"Why, thank you! But—don't disfurnish yourself."
"General, them fried bananas——"
"Th-th-thank you, sir, I have a suff-fficient plenty."
Only the seats of the Courteneys, the Gilmores, Ramsey, and Basile stood vacant.
XXXIX
FORTITUDE
"Courage," the slender play was called. It is to be regretted that we cannot fully set it forth, for Gilmore was himself its author.
Also because, whatever it lacked, there was in it a lucky fitness for this occasion, since, conditions being what they were on the decks above and below, the one strong apology for giving it was the need of upholding the courage of its audience.

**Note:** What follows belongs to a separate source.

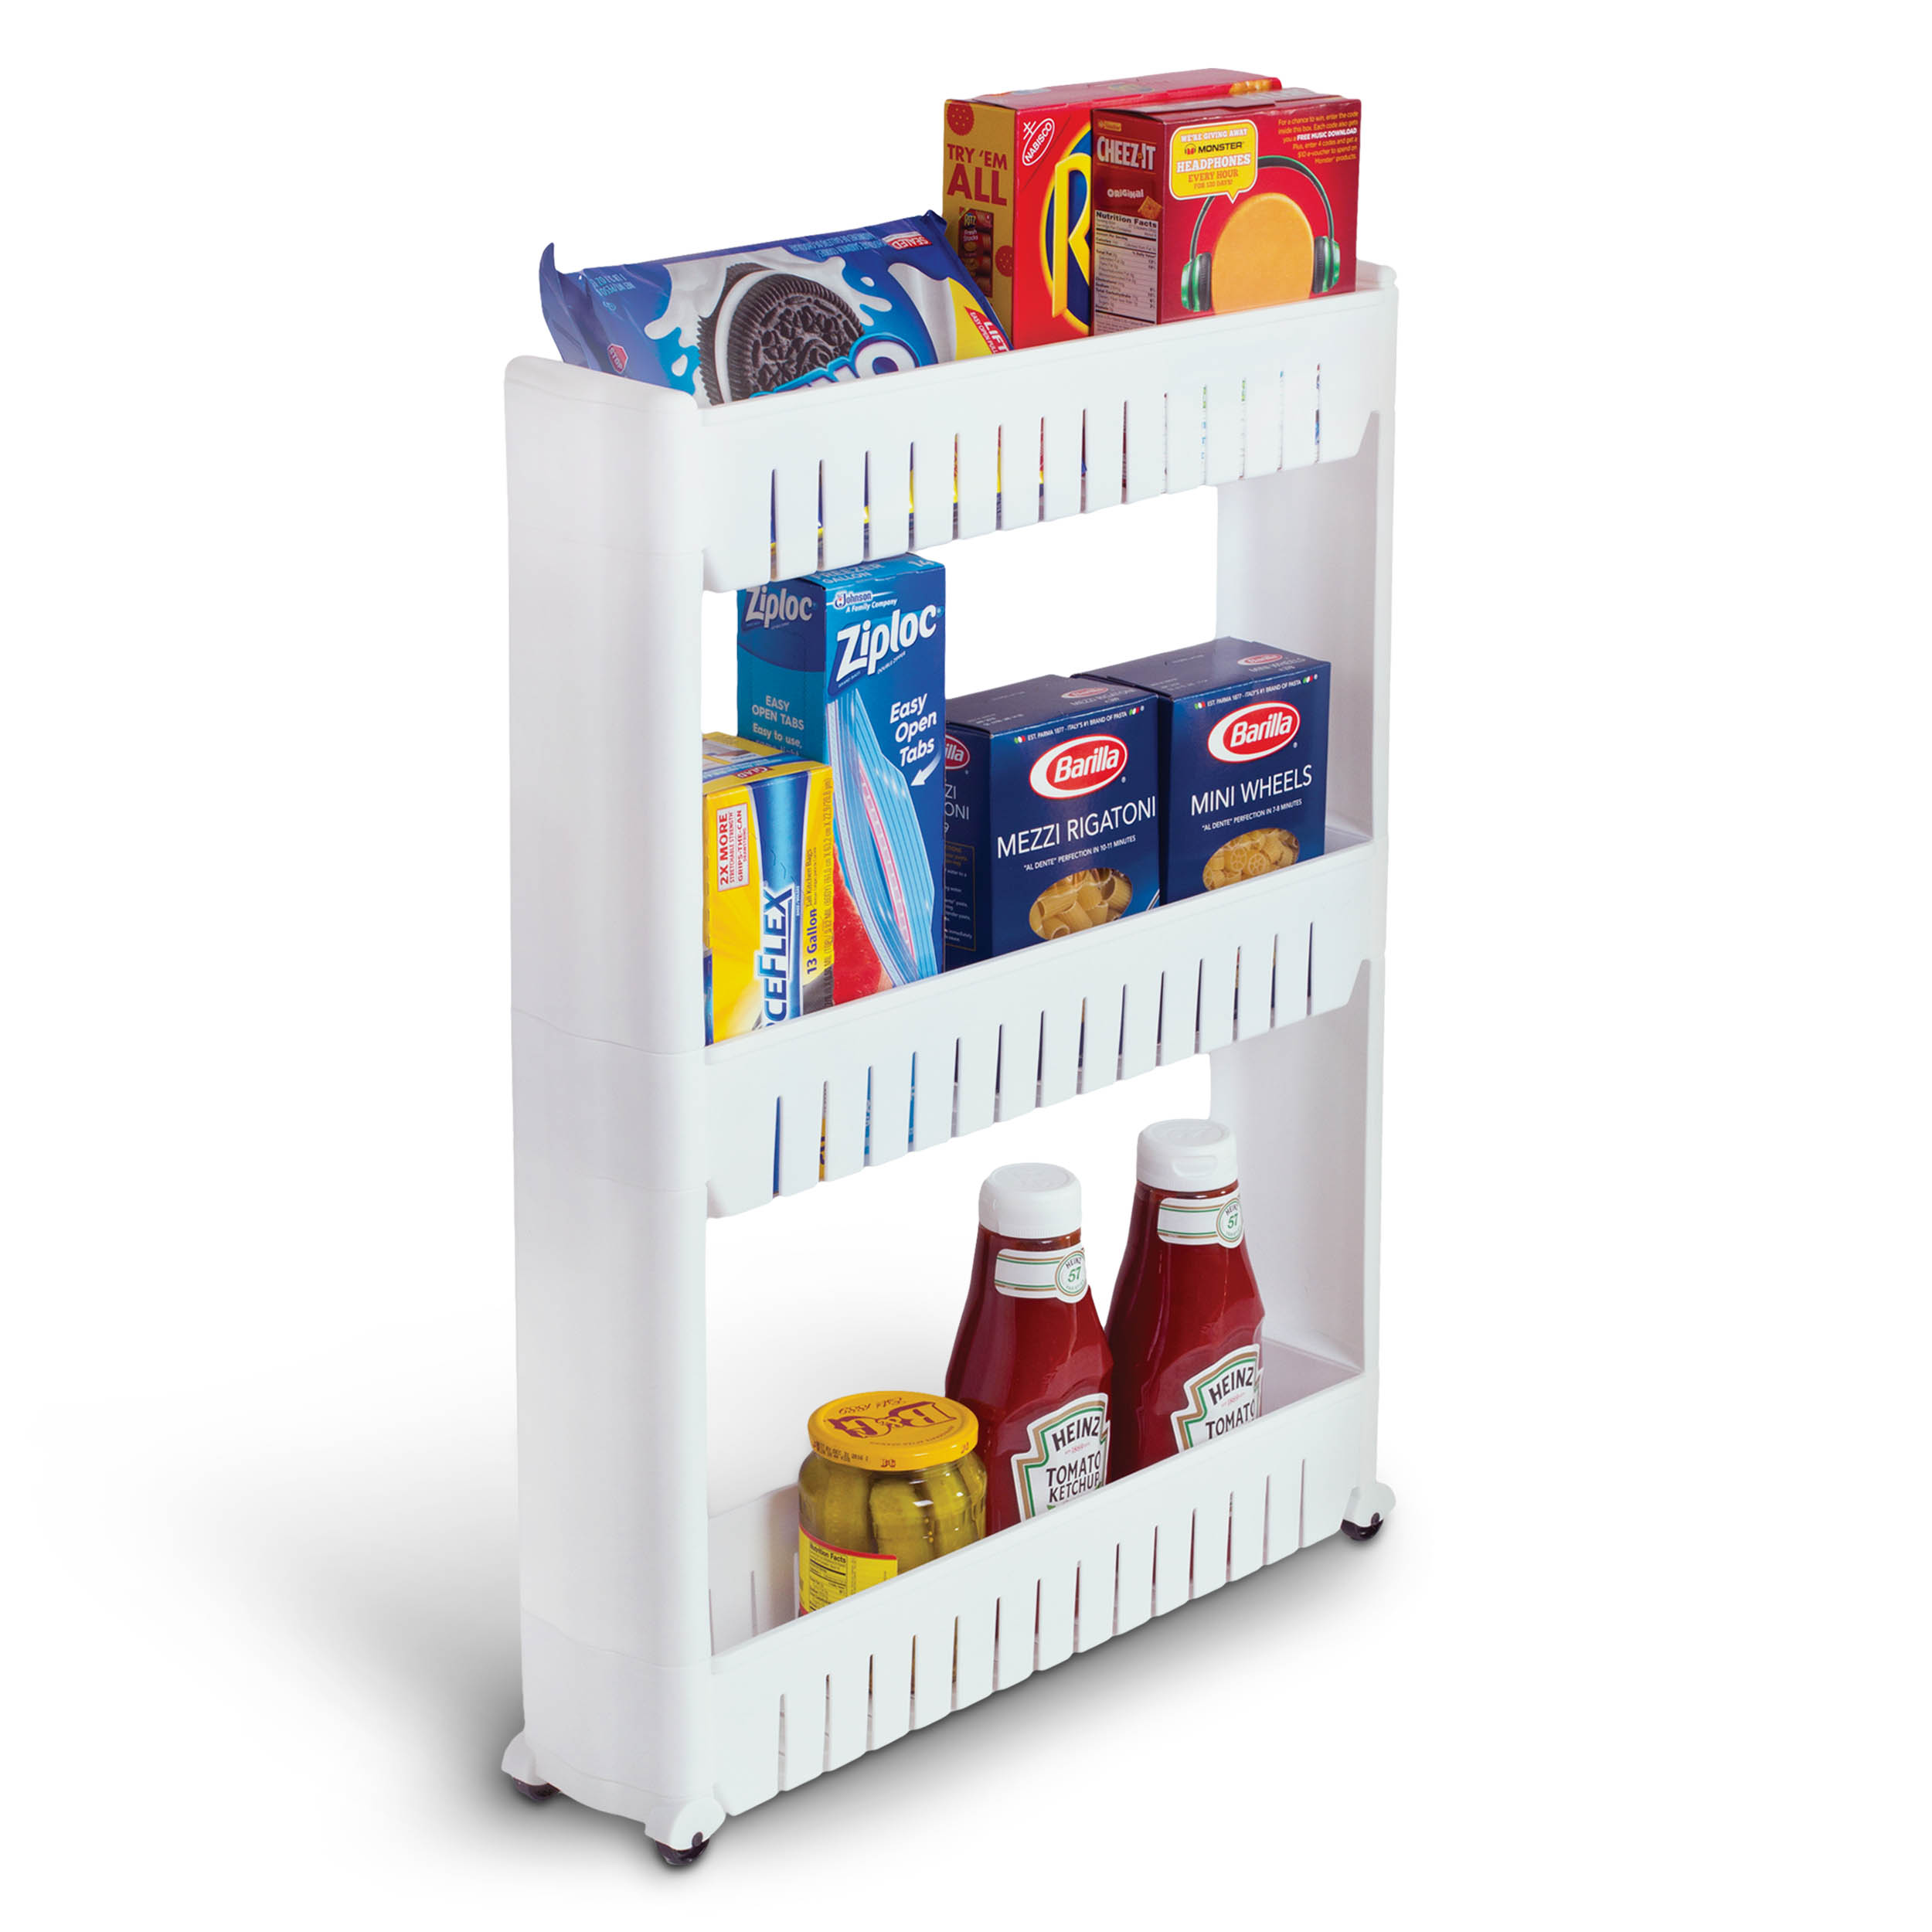 Laundry Room Organizer And Slim Storage Cart Mobile

It was even a sort of kind rejoinder to the various ferments kept up by the truculent twins, the pusillanimous exhorter, and the terrified Basile. Its preachment might well have been less obvious, though lines, its author bade Hugh notice, never overbalanced action, never came till situation called them. It was to the effect, first, that courage is human character's prime essential, without which no rightness or goodness is stable or real; and, second, that as no virtue of character can be relied on where courage is poor, so neither can courage be trusted for right conduct when unmated to other virtues of character, the chiefest being fidelity—fidelity to truth and right, of course, since fidelity to evil is but a contradiction of terms. "From courage and fidelity," it was the part of one player at a telling moment to say, "springs the whole arch of character," and again, "These are the Adam and Eve of all the virtues." (Adam and Eve were decided to be quite mentionable. Mention was not impersonation.)